Gerry Hickman wrote:
Edward wrote:
I have noticed increased memory usage with SeaMonkey, using the Fedora-supplied package, when listening to music either through YouTube or a web site, after it's been running for a while.

This could actually be something Linux is doing relating to the usage of memory, because I have seen the exact same issue occur with other web browsers, not just SeaMonkey. After a while, the Swap partition becomes active, then there is a noticeable slowdown of the system.

Which Fedora Supplied package and which o/s distro, version?

On Linux, you should quickly be able to see who is using what, for example using "System Monitor" and then go to "Processes", sort by Memory with highest at the top.

You should see SeaMonkey at abnout 300MiB

Note the value from a cold start, then time how long before it reaches the value that you are concerned about.

It's unlikely listening to music would cause this, but the word "youtube" rings alarm bells as it's not "music", it's running hundreds of horrible JavaScripts launching hundreds of adverts and attacking your computer.
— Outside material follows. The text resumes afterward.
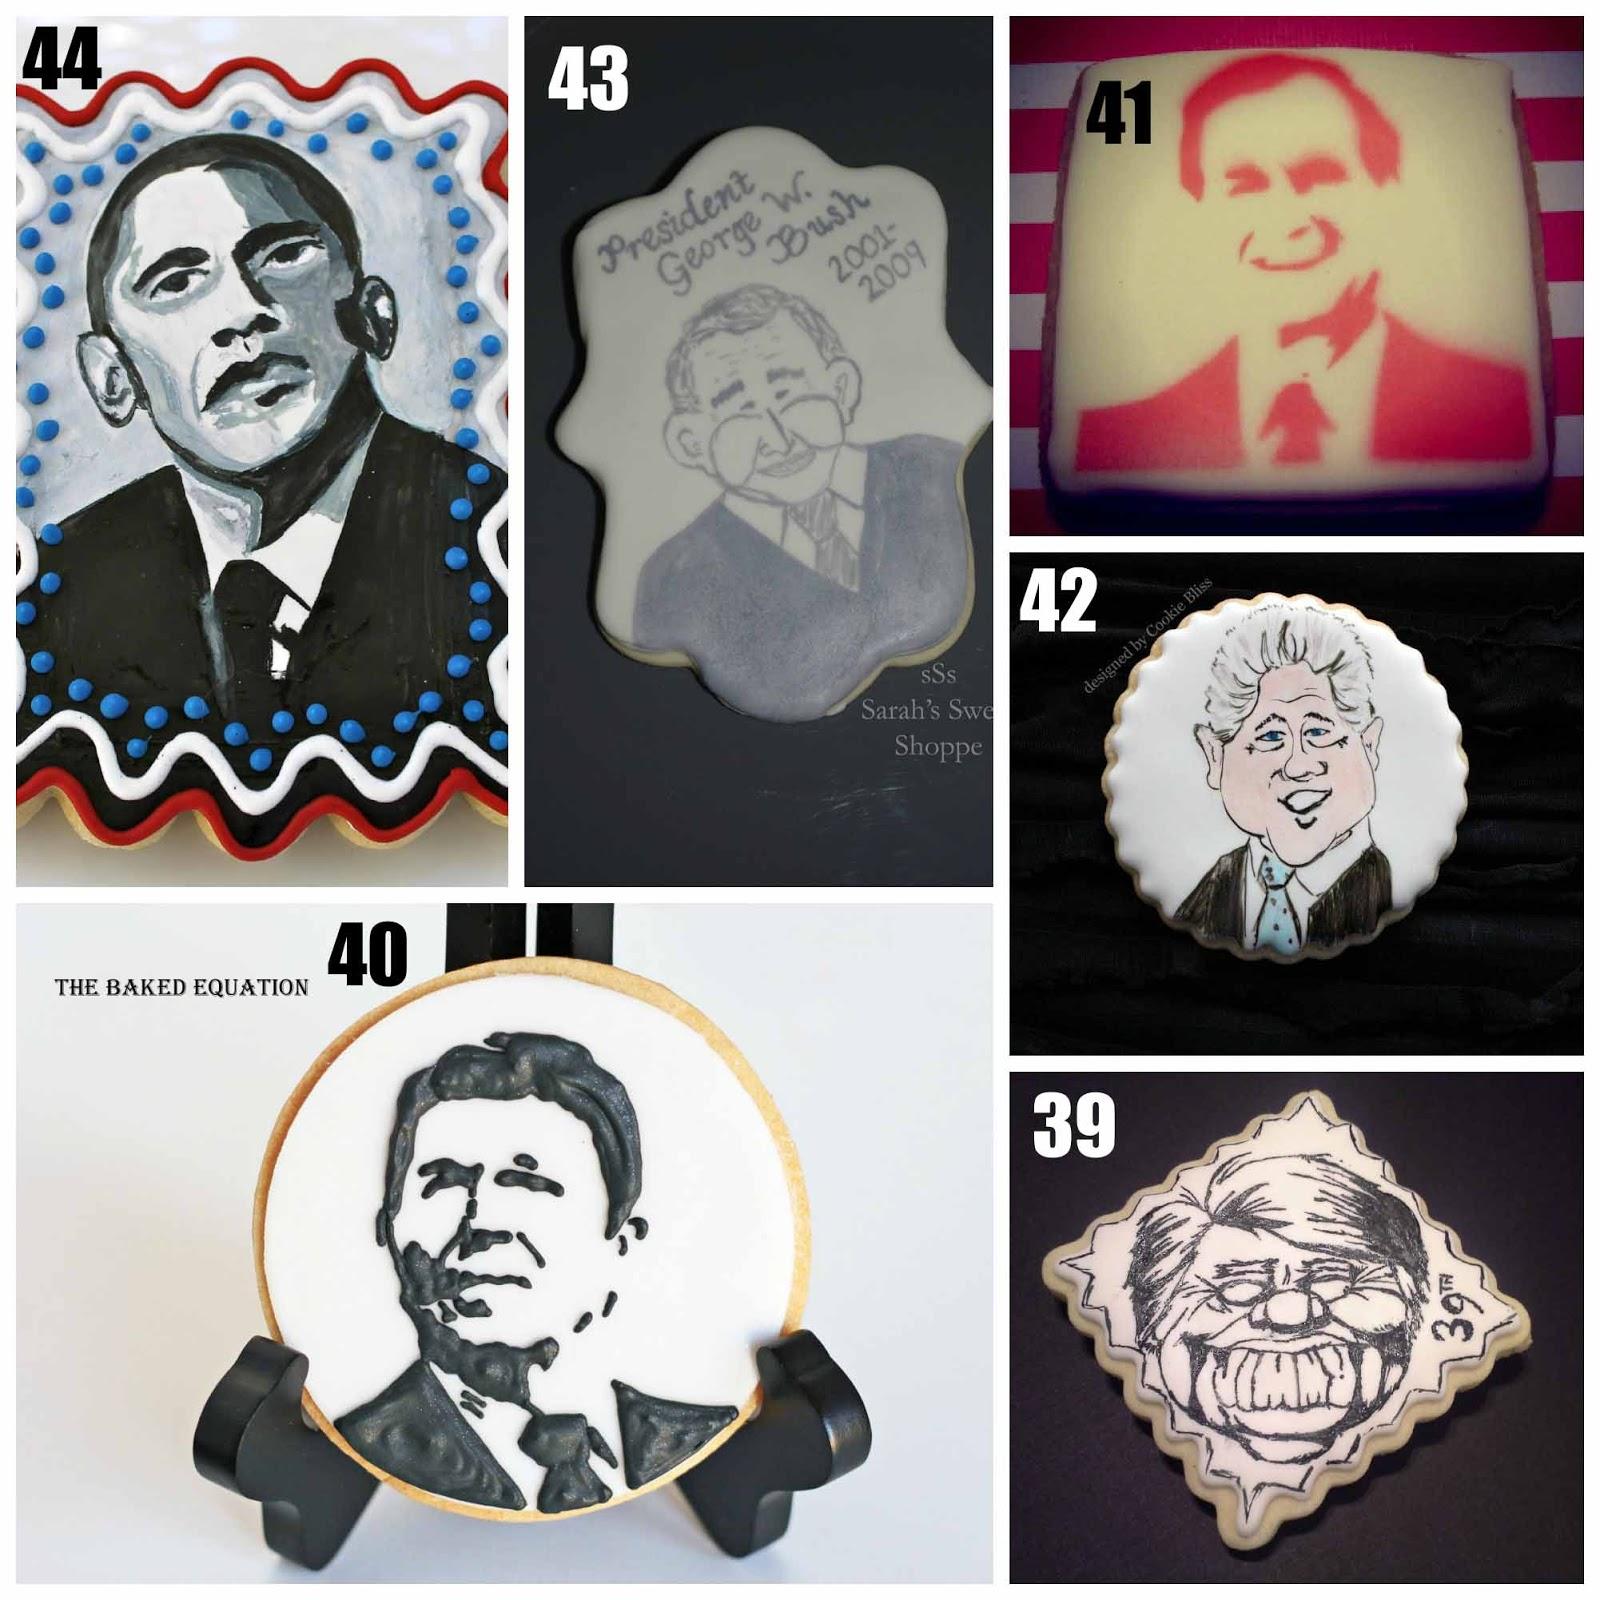 http://1.bp.blogspot.com/-2Yssq4WmZRg/USJrIPN4UXI/AAAAAAAAAWs/hl21hWKLsFo/s1600/presidents+39-44+collage+FINAL.jpg

If you think it's music, trace the URL to the real music file (or stream) and run the same test again (outside of youtube).

I didn't even know youtube had music, I thought it was video.

Fedora 32, x86_64: seamonkey-2.53.3-3.fc32.x86_64

PID USER PR NI VIRT RES SHR S %CPU %MEM TIME+ COMMAND 4766 edward 20 0 3463452 625444 174552 S 2.7 16.6 7:08.80 seamonk+

The above is from 'top' as of right now. As I am not on YouTube right now and Swap isn't being used, there is /currently/ no slowdown in performance.

YouTube also has music. Some individual tracks from albums will also display a static video, it's usually the album cover for the duration of the track.


--
Netscape -> Mozilla Suite -> SeaMonkey. User, since 1997.